A bit more thread num practice

  • By using the command omp_get_thread_num() we can access an array that we are parallelising using the #pragma omp parallel directive.
#define sqr ((x)*(x))
int arr[10]= {2,3,4,5,6,7,8,9,10};
#pragma omp parallel 
 {
   int i = omp_get_thread_num() 
                std::cout << sqr(arr[i]) << std::endl;
 }

Clauses

Clauses

  • Type in and run this code. You can use any operation on the array elements, the point is just to show how thread numbers can be used for array access.
  • If there are more array elements than threads (as there will be in any non trivial project) then the threads will be fed new tasks as they complete previous ones until the work is done.

Setting the thread count

  • If you want to, you can set a specific number of threads
#pragma omp parallel num_threads(4)
  • This can work to reduce the number of threads, but may not work if you seek to increase the number of threads, as there may be an effective upper limit..
  • Threads have a creation cost, so creating ones you could do without is wasteful.
  • Openmp will create a small amount of threads if it only needs a few.

Master

  • The Master block will execute enclosed code in one thread of a thread pool.
#pragma omp master
{
    block
}
  • It cannot be used in a parallel for loop
  • This gives us a way of telling OpenMP that we want this code to be run in the threadpool, but only once, not by every thread.
  • Use it in the code you wrote earlier to try out parallel, so that program only prints to screen once.

Critical - 1

  • A critical block implements a classic critical section, controlled entirely by OpenMP.
#pragma omp critical
{
    block
}
  • Use to print to screen (screen printing is not thread safe).
  • Use for nothing else.
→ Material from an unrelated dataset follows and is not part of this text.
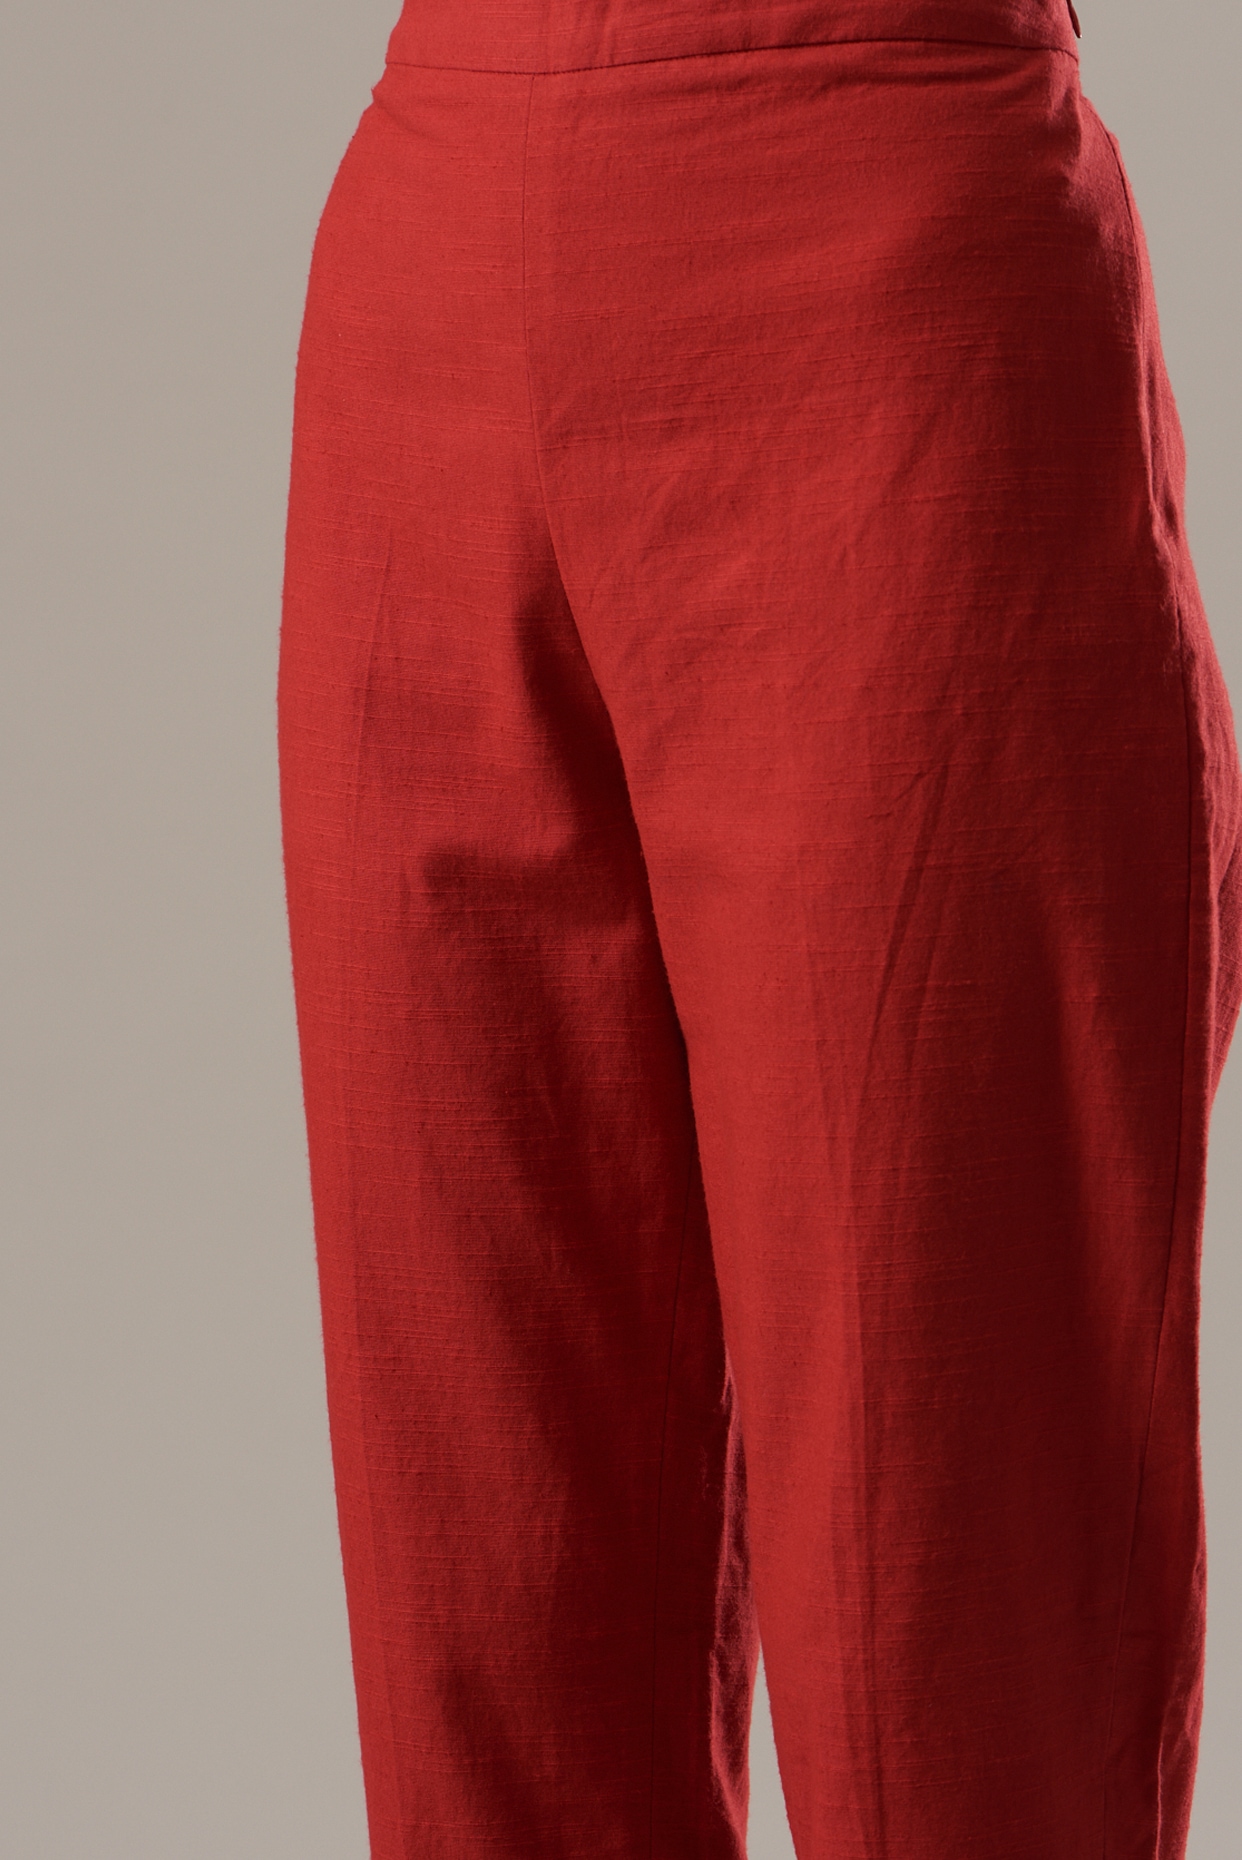 Cotton Harem Pants Regular Fit Women Trousers red Size xs3xl 2638  Model NameNumber

If the logic of your program needs critical sections, it is a bad parallel program.
  • Printing in a threadpool is not really a good idea anyway, other than for testing or initial learning.
  • As with all critical sections, they will not scale well.

Nowait

  • Nowait can disable the Barriers in some OpenMP contructs, in Parallel For it allows you tell OpenMP that program execution can continue before the threadpool finishes.
  • More on this later, but using it in Parralel For is something to consider carefully.

Variable settings

Variable settings

OpenMP lets you assign properties to variables that effect how they function within the structured block.

Shared

#pragma omp parallel shared (x)
  • In OpenMP, all variables are shared by default in parallel regions, unless declared within the scope of a given parallel region.
  • Explicitly specifying them as such leads to clearer code that is easier to debug.

Private

#pragma omp parallel private (x)
  • This type of variable, again single or compound type, is duplicated and provided uninitialized to each thread in the block.
  • By default these are used internally by each thread then discarded. If this isn’t the required result, there are other options.

Firstprivate

#pragma omp parallel firstprivate (x)
  • Declares one or more list items to be private to a task.
  • After the structured block completes it updates the variable/s passed with the value held in the firstprivate variable before the block began.
  • So it can be set, used, then reset to be used again. Not specifically by another threadpool.

Lastprivate

#pragma omp parallel lastprivate (x)
  • Declares one or more list items to be private to a task.
  • After the structured block completes it updates the variable/s passed with the value held in the last thread or section to complete.
  • The private var is uninitialized, and on completion contains the last value it held in the last thread to complete.

threadprivate

#pragma omp parallel threadprivate (x)
  • The Threadprivate directive is used to make global file scope variables local and persistent to a thread through the execution of multiple parallel regions.
  • This allows some simplification of programming logic when privates are used repeatedly.